Deploy and Run the TTS NIM Microservice#
Deploy a TTS model as a NIM container and run speech synthesis through gRPC, HTTP, or WebSocket.
For model details, GPU requirements, and supported voices, refer to the TTS support matrix.
Prerequisites#
Completed prerequisites and NGC access setup.
Installed the NVIDIA Riva Python client.
NGC_API_KEYexported in your terminal.
Deploy the NIM Container#
Each TTS model has its own container image.
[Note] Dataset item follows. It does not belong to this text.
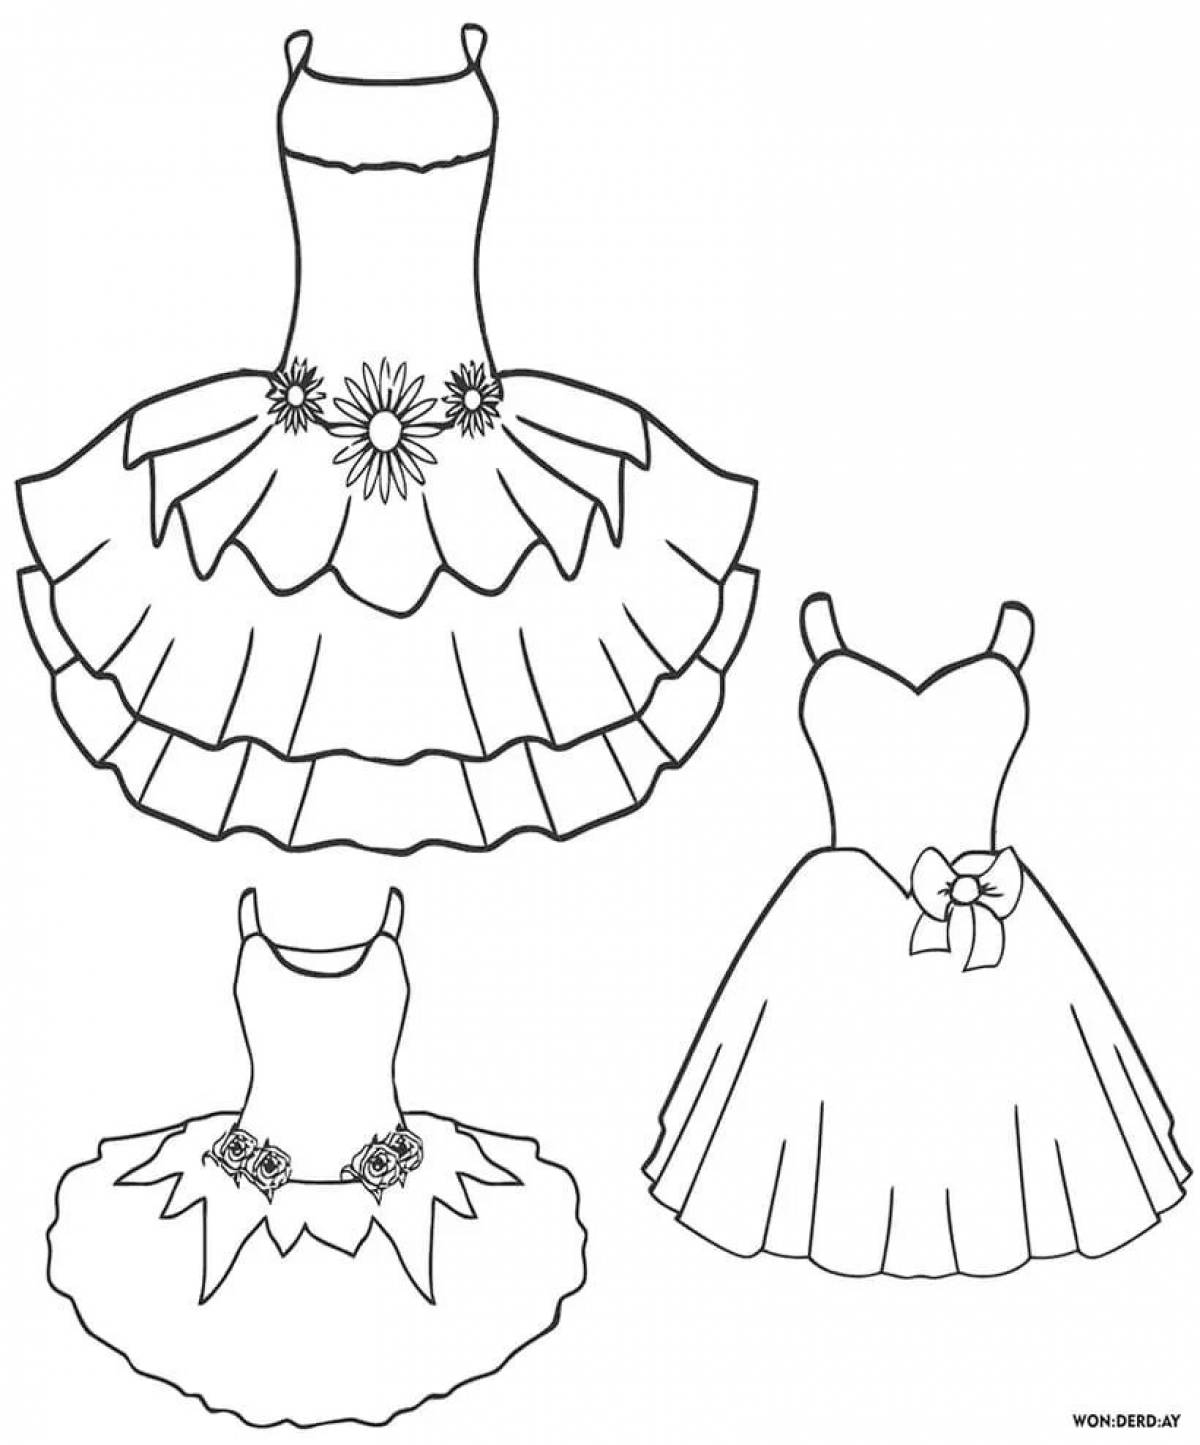 Gorgeous ball gown coloring book

Set CONTAINER_ID and NIM_TAGS_SELECTOR based on the model you want to deploy.
7 languages, streaming + offline, multi-voice with emotional styles.
export CONTAINER_ID=magpie-tts-multilingual
export NIM_TAGS_SELECTOR=name=magpie-tts-multilingual
docker run -it --rm --name=$CONTAINER_ID \
--runtime=nvidia \
--gpus '"device=0"' \
--shm-size=8GB \
-e NGC_API_KEY \
-e NIM_HTTP_API_PORT=9000 \
-e NIM_GRPC_API_PORT=50051 \
-p 9000:9000 \
-p 50051:50051 \
-e NIM_TAGS_SELECTOR \
nvcr.io/nim/nvidia/$CONTAINER_ID:latest
The default model profile is batch_size=8. To select a different batch size, append it to NIM_TAGS_SELECTOR:
export NIM_TAGS_SELECTOR="name=magpie-tts-multilingual,batch_size=32"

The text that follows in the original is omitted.